[What needs to be done]
Would you transcribe only the lines from the one holding "Darko mitev fireextinguisher01" through the end of the material, exactly, without any pictures?

[Collected material]
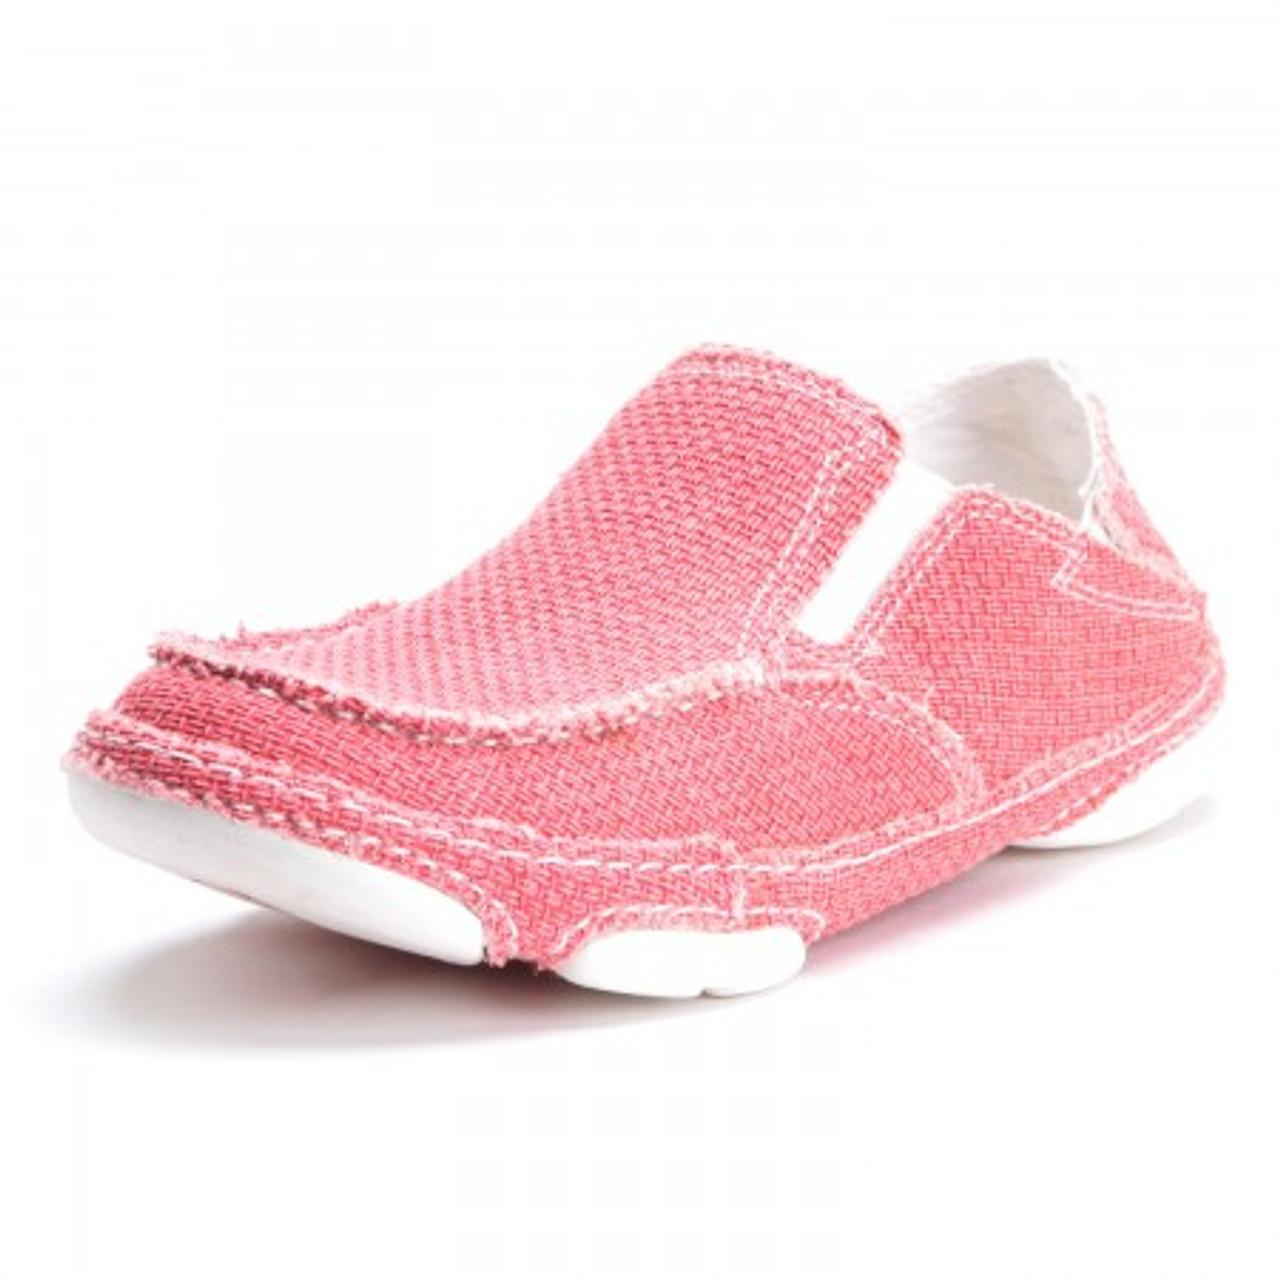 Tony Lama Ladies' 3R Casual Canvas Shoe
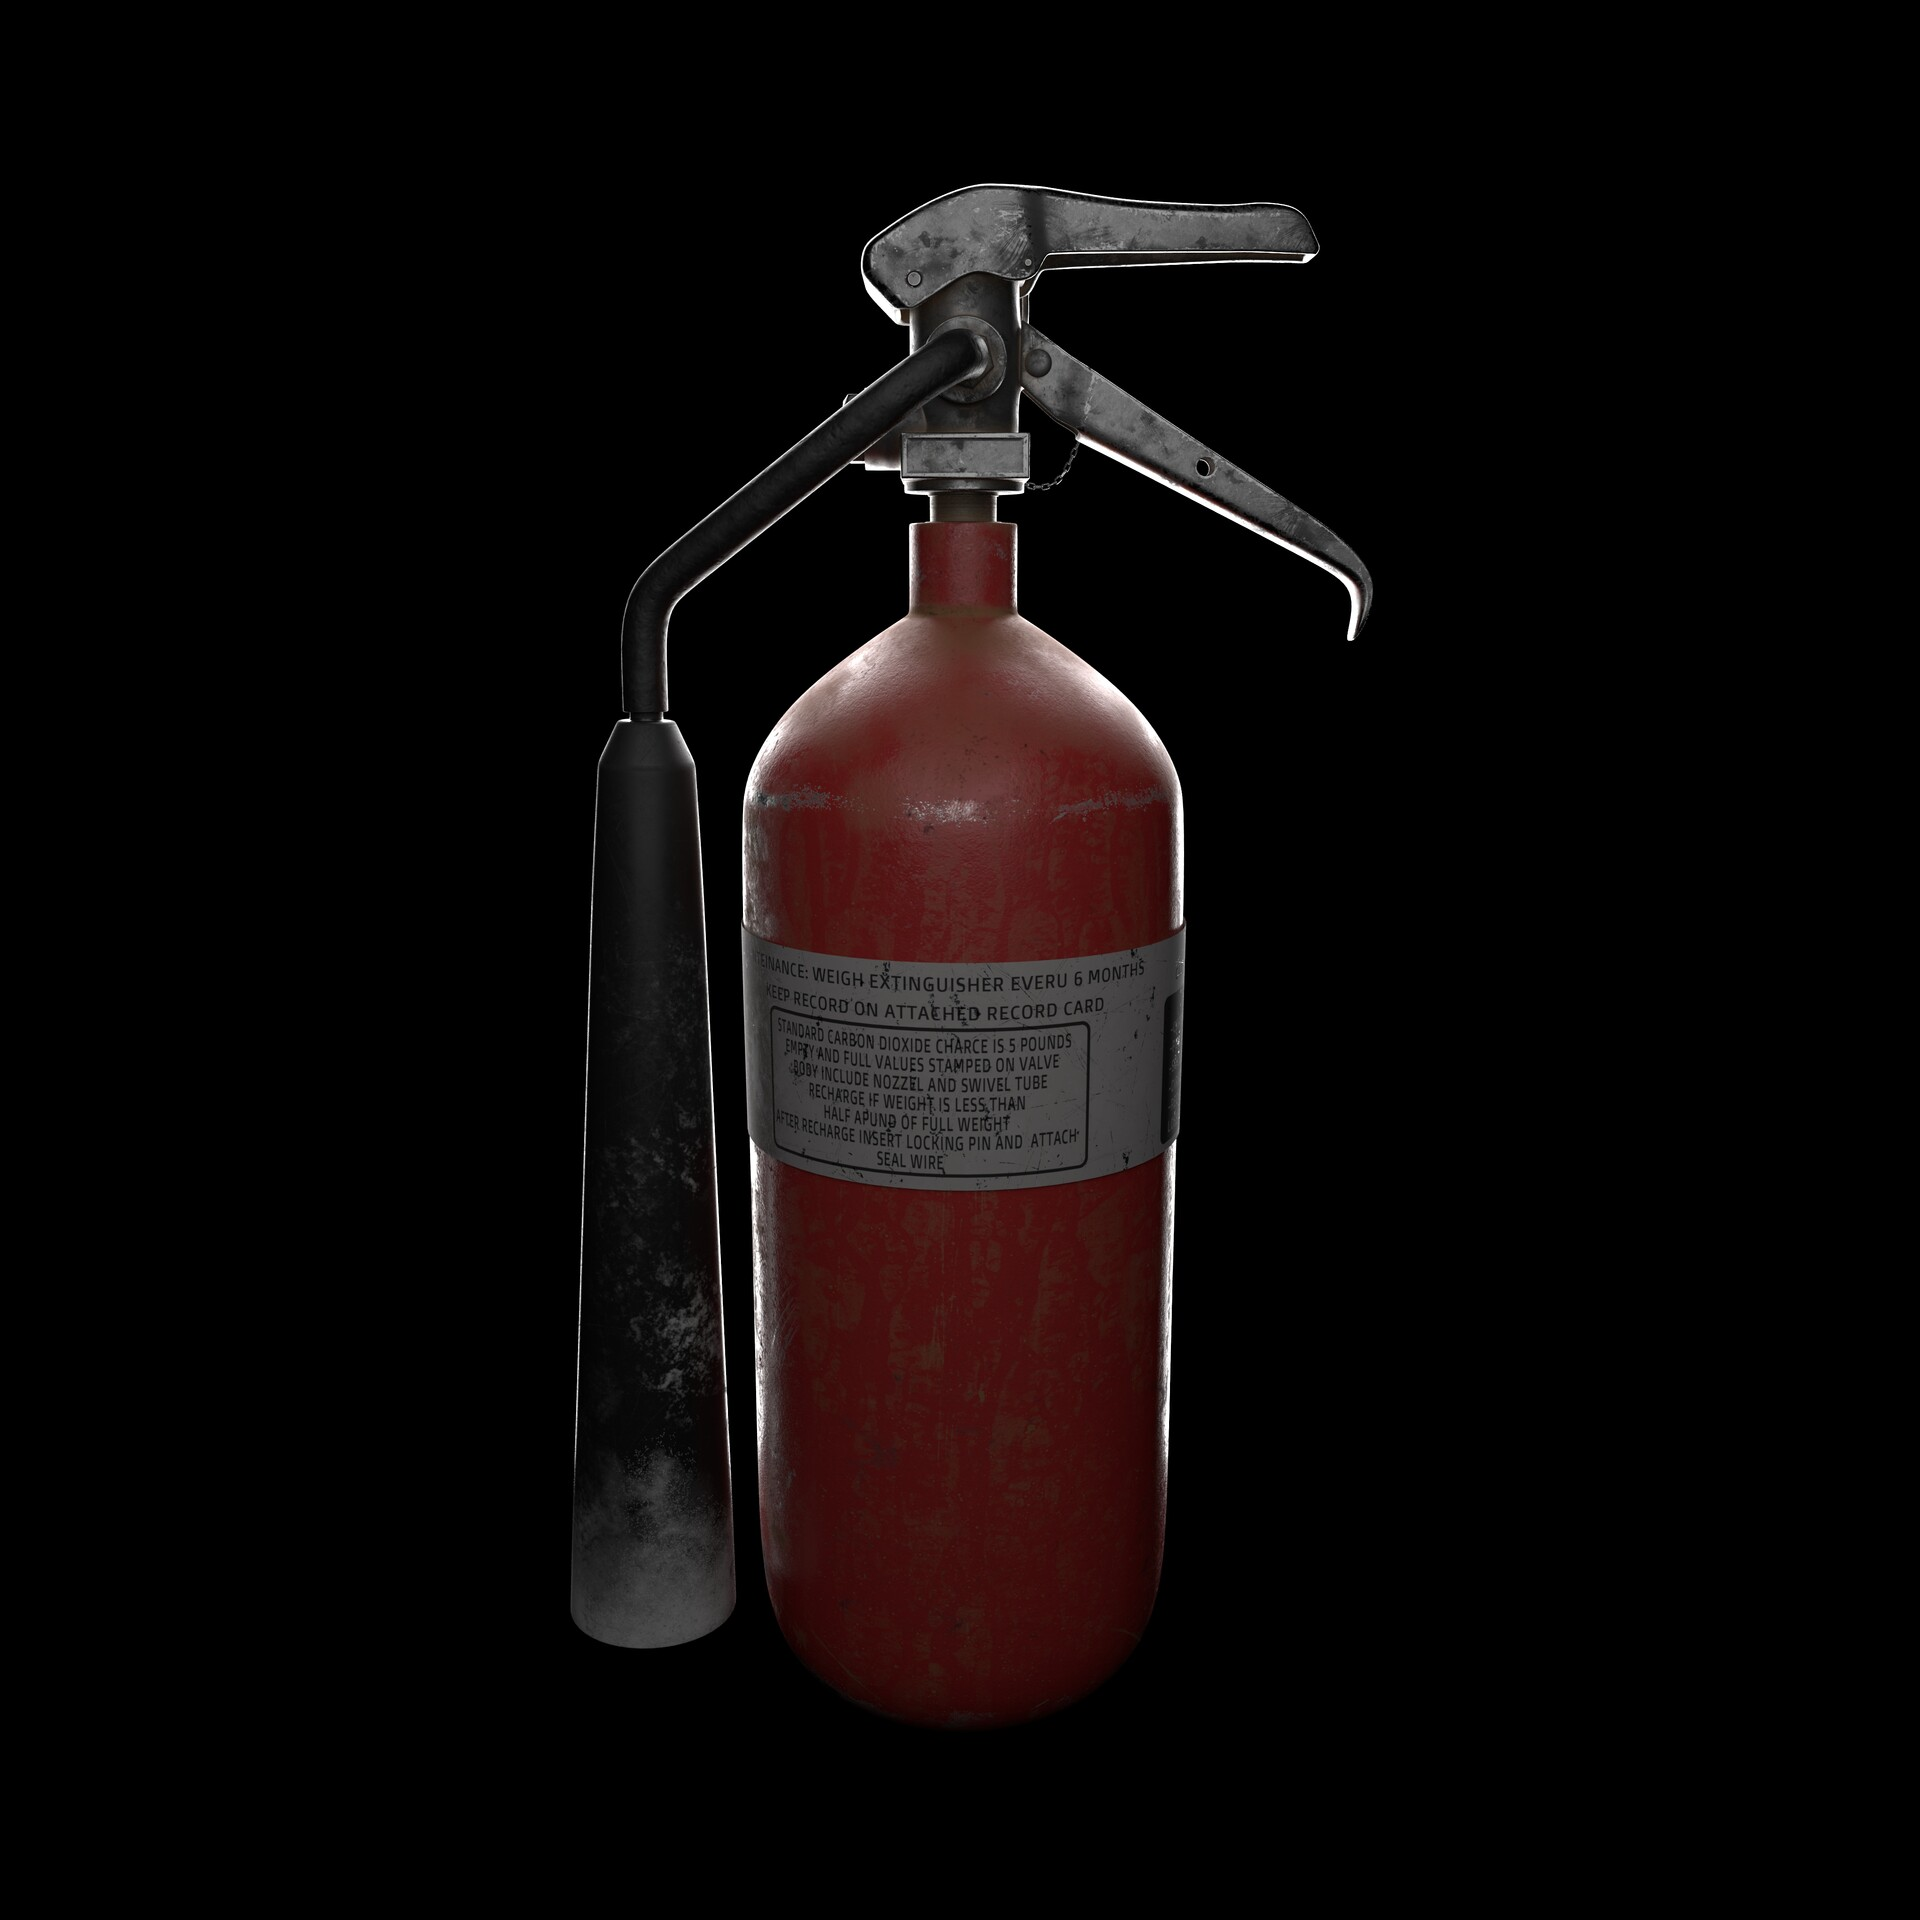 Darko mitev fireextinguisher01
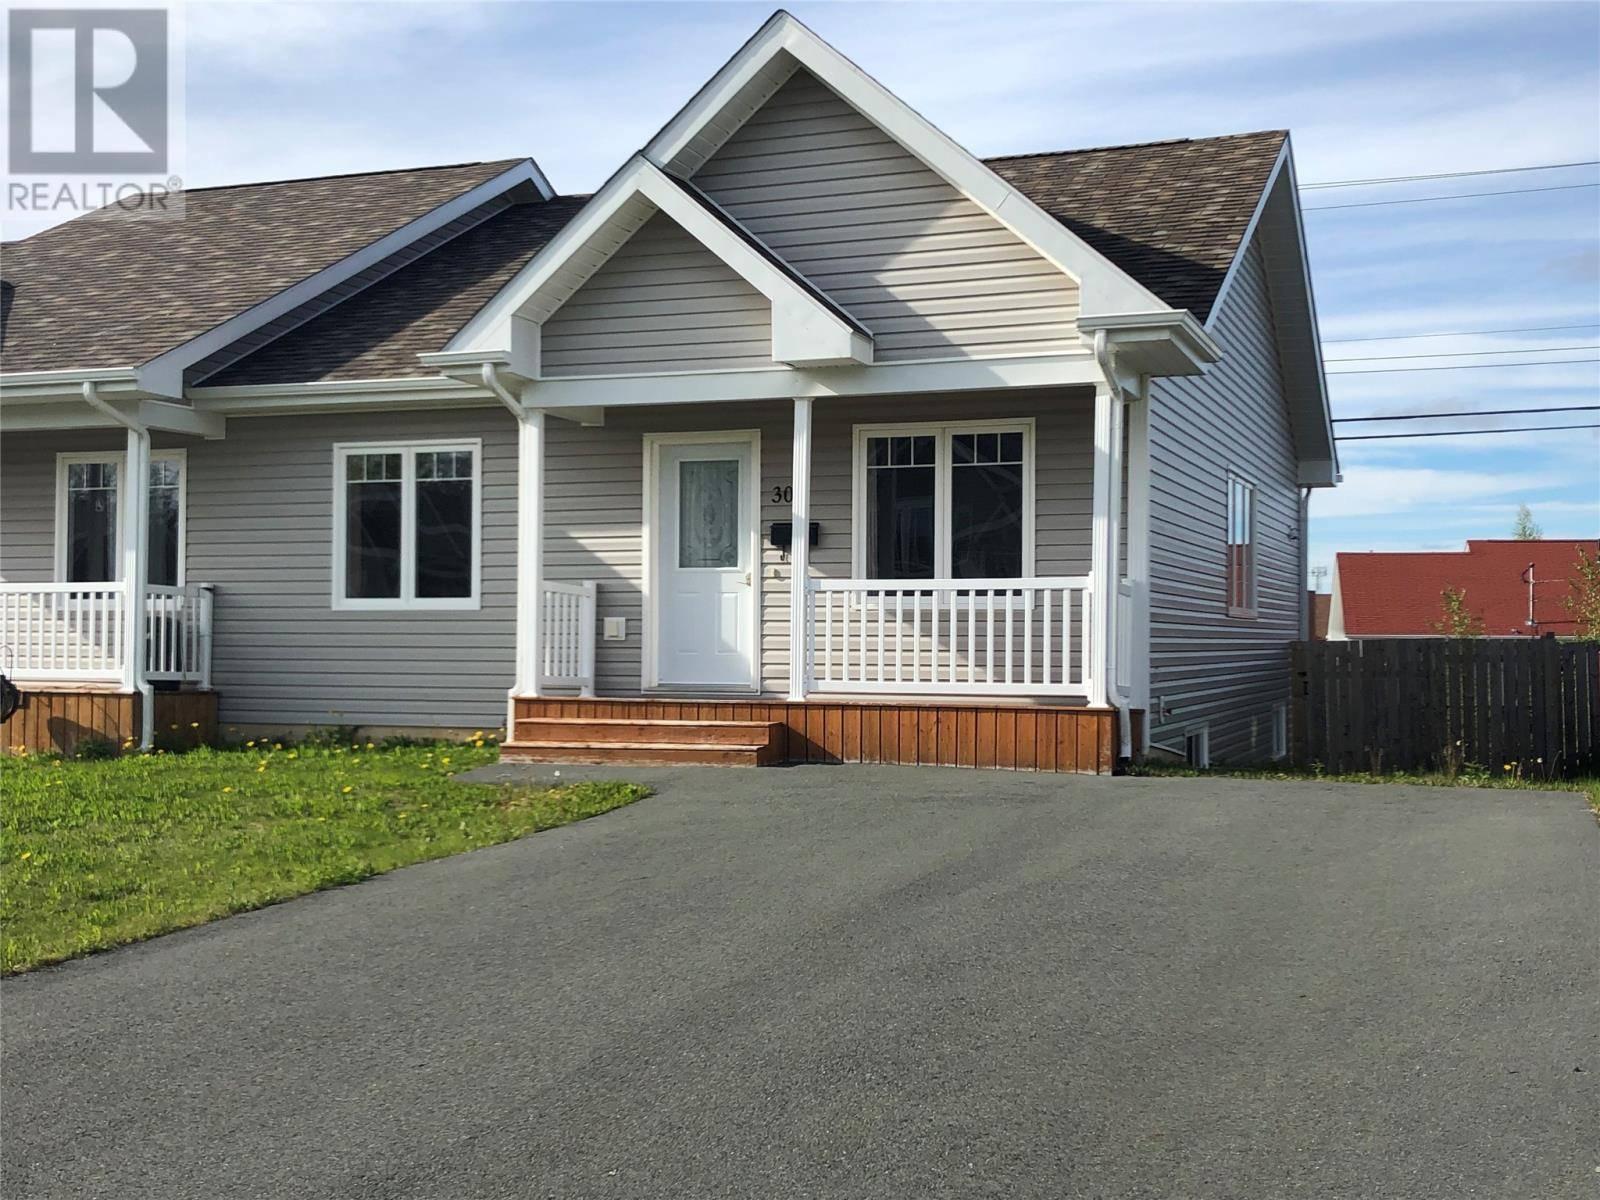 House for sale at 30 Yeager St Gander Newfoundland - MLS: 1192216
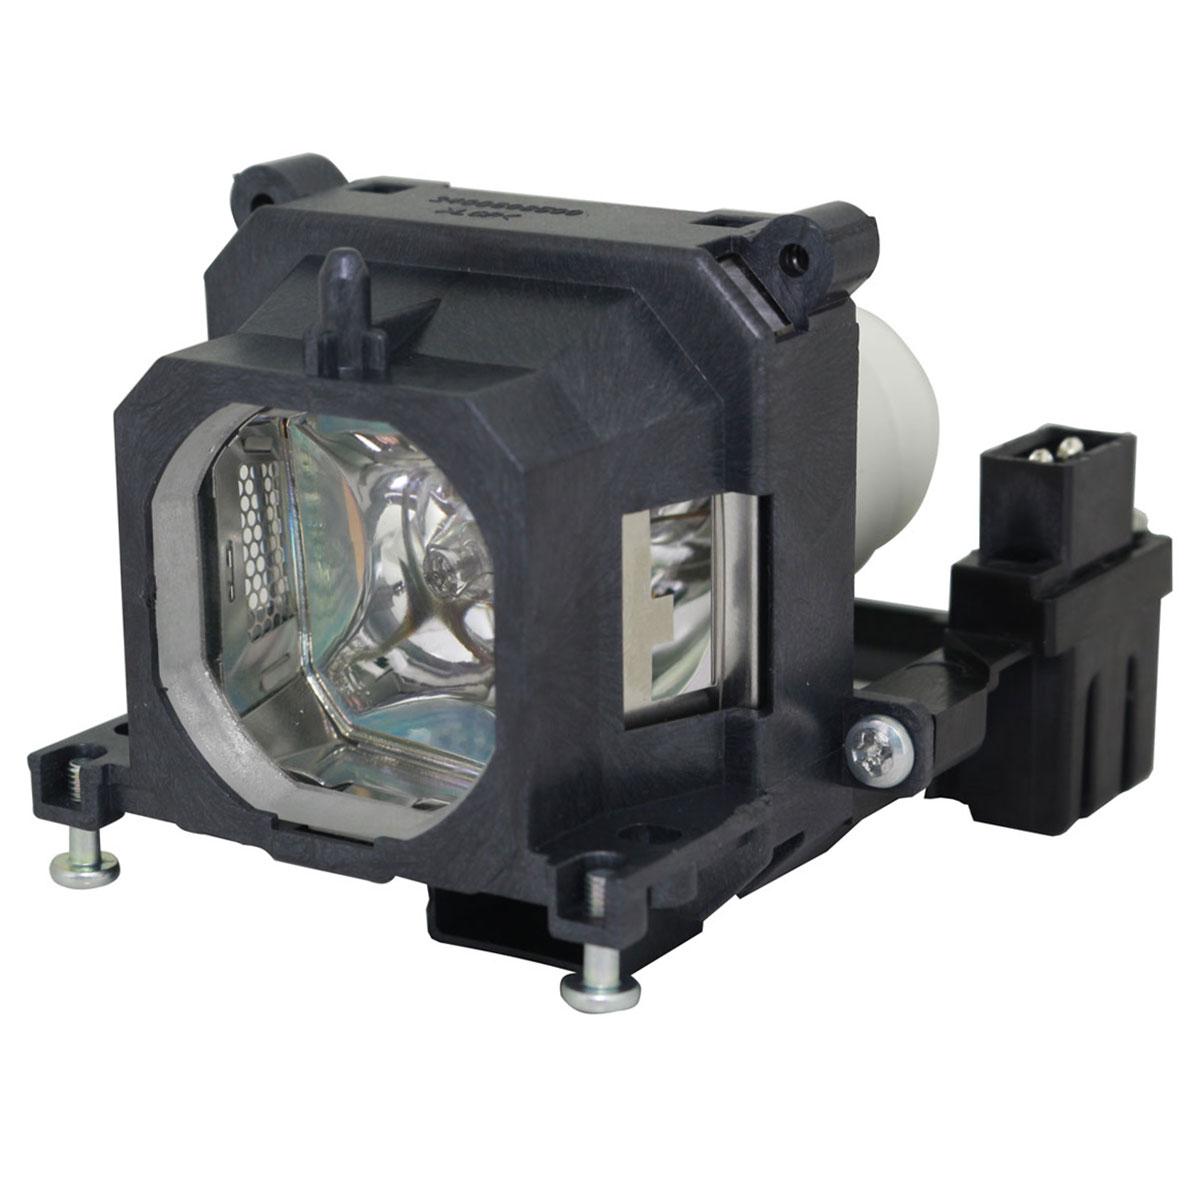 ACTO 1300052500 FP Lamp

[Final answer]
 Darko mitev fireextinguisher01
 House for sale at 30 Yeager St Gander Newfoundland - MLS: 1192216
 ACTO 1300052500 FP Lamp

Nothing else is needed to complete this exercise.